The system can dynamically synthesize jamming profiles to counter novel threats on the fly. This adaptability is essential for surviving in anti-access/area-denial (A2/AD) environments where adversaries constantly evolve their signal signatures.
The future of combat is not unmanned, but manned-unmanned teaming (MUM-T). Our AI acts as a digital wingman, managing the cognitive load for pilots and vehicle crews. It monitors system health, navigates waypoints, and prioritizes targets, allowing the human operator to focus on tactical execution.

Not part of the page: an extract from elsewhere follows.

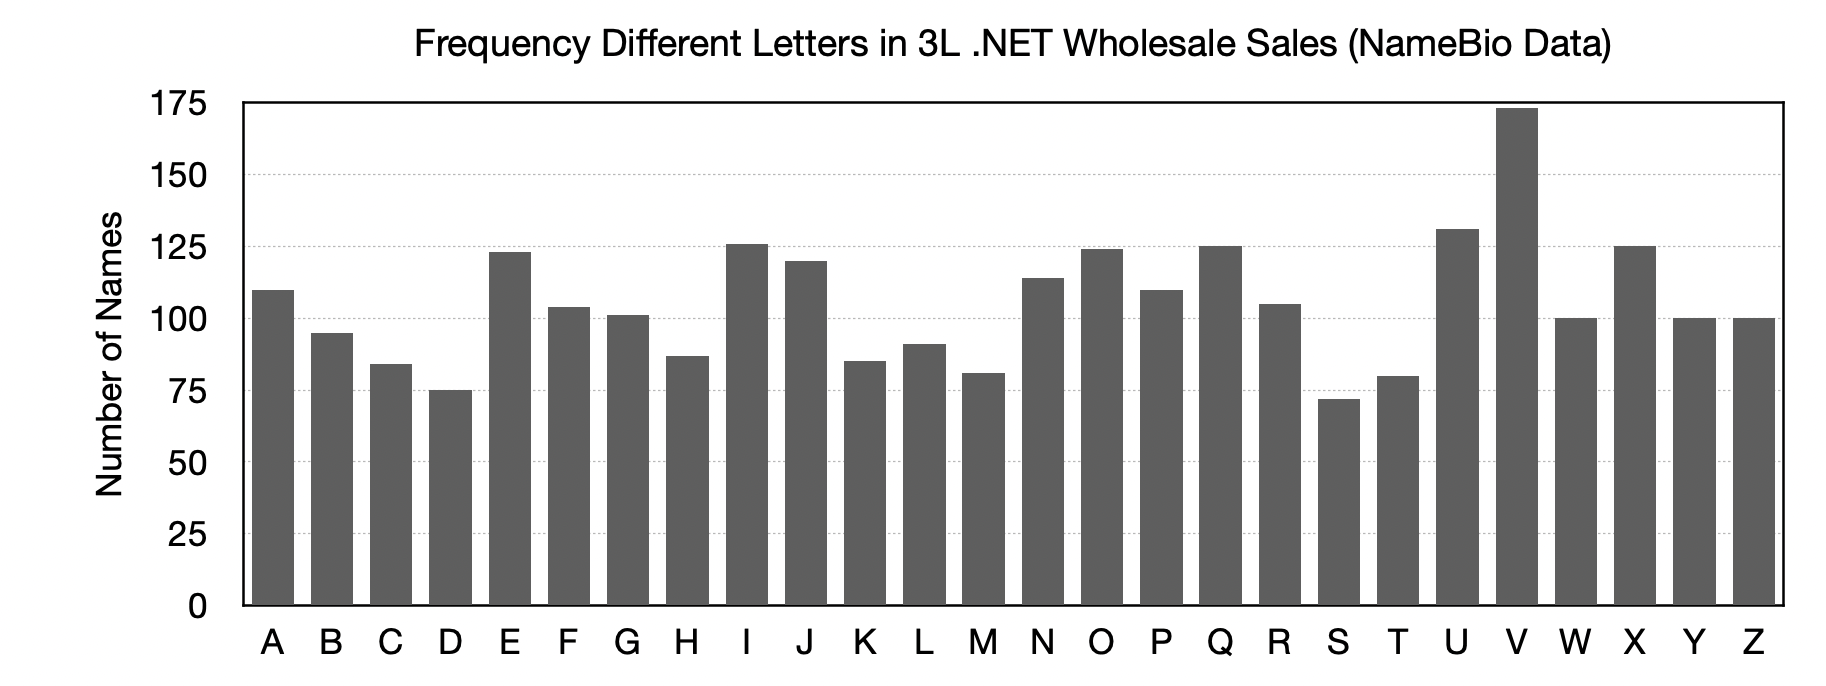 Image-Letters-Wholesale-NET.png

Natural language interfaces allow operators to command swarms of autonomous systems verbally. "Scout the ridge line and report activity" is translated by the AI into specific flight paths and sensor tasks for multiple drones.

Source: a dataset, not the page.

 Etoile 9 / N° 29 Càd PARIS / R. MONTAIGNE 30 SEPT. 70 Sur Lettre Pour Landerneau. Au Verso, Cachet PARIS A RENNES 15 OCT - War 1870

Total Data Sovereignty: SVECTOR provides a complete, self-contained AI ecosystem that runs entirely on your hardware. From model training to inference, no data ever touches the public internet. This is not a hybrid cloud; it is a fortress.
Hardware Agnostic Deployment: Our stack is optimized to run on diverse compute substrates, from high-performance datacenter GPUs to ruggedized edge processors. We bring the intelligence to the data, wherever it resides.
We deliver model weights to your secure facility physically if necessary. Once installed, the system operates in total isolation. There are no "call homes," no telemetry beacons, and no external dependencies.
Designed for TS/SCI environments. Granular role-based access control (RBAC) ensures that information is compartmentalized. The AI respects data classification levels, ensuring that insights are only shared with authorized personnel.
The system learns from your data in your environment. As your analysts correct the AI or provide new examples, the models update locally. Your capability improves daily without ever sharing that learning with the outside world.
All model components are vetted and signed. We provide a Software Bill of Materials (SBOM) for every layer of the stack, ensuring that no malicious code or compromised dependencies enter your secure perimeter.